The next idea he puts forth is in my opinion the critical piece of the puzzle:

“R is characteristic of the field and can vary a lot depending on whether the field targets highly likely relationships or searches for only one or a few true relationships among thousands and millions of hypotheses that may be postulated.”

To me what this says is that the more carefully we in any given field define what is probable prior to torturing the data, the more chance we have of being correct. Following through on his computation he derives this:

“Since usually the vast majority of investigators depend on α = 0.05, this means that a research finding is more likely true than false if (1 − β)R > 0.05.”

So, given the conventional β of 0.8, the R has to be 0.25 or greater to meet this threshold. That is 1 of 4 every 4 hypothesized associations in a given field must be correct. This does not seem like and unreasonable proportion if we are invoking a priori probabilities instead of plunging into analyses head first. In the field of genomics, as I understand it, the shotgun approach to finding associations certainly would alter this relationship in favor of a very high denominator, thus making the probability of a real association much lower.

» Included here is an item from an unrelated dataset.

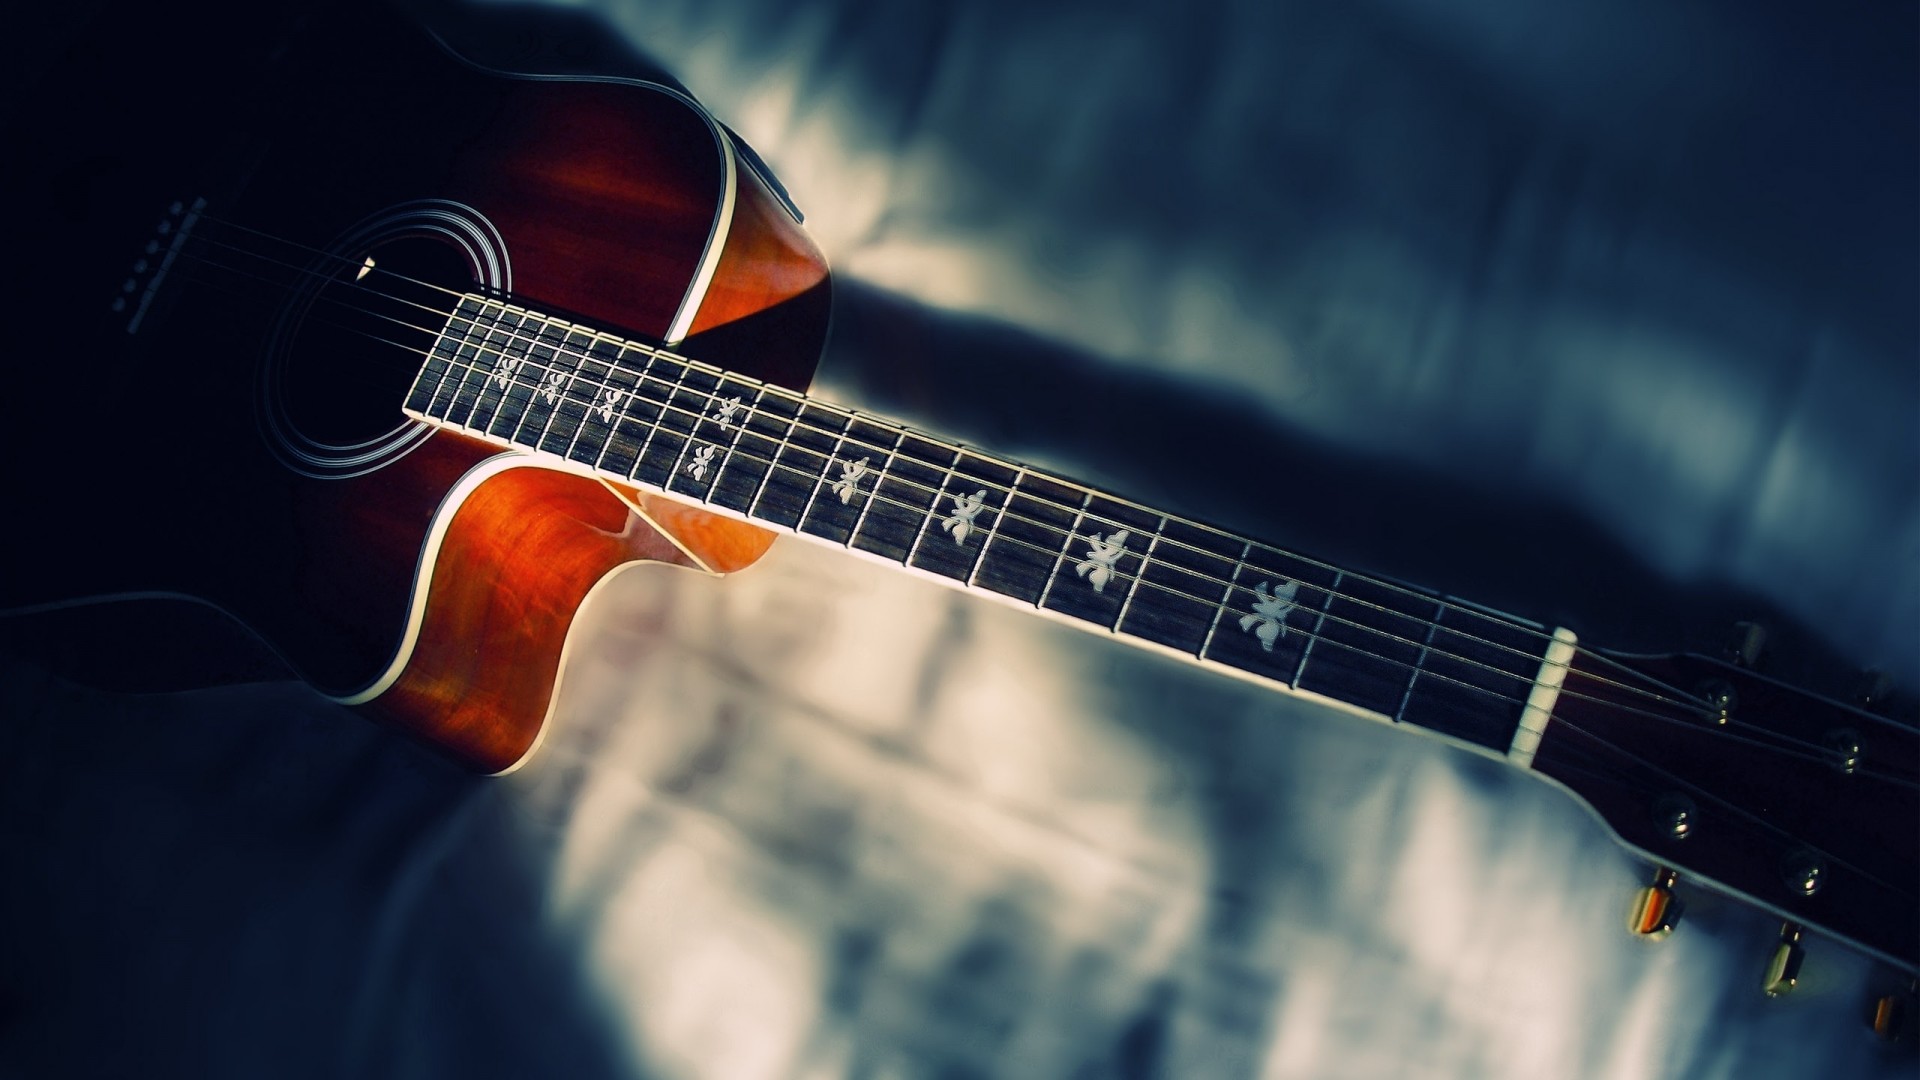 1920x1080 Bass Guitar Lessons | Download Wallpaper | Pinterest | Bass guitar lessons

Do I disagree with his assertions about multiple comparisons, biases, fabrication, etc.? Of course not – these are well known and difficult to quantify or remedy. Should we work to get rid of them with more transparency? Absolutely! But does his paper really mean that all of what we think we know is garbage, based on his mathematical model? I do not think so.

As everyone who reads this blog by now knows, I do not believe that we can ever arrive at the absolute truth. We can only inch as close as our methods and interpretations will allow. That is why I am so enamored of Dave deBronkart’s term “illusion of certainty”. I do, however, think that we need to examine these criticisms reasonably and not throw they baby out with the bath water.

I would be grateful to hear others’ interpretations of the Ioannidis’ paper, as it is quite possible that I have missed or misinterpreted something very important. After all, we are all learning.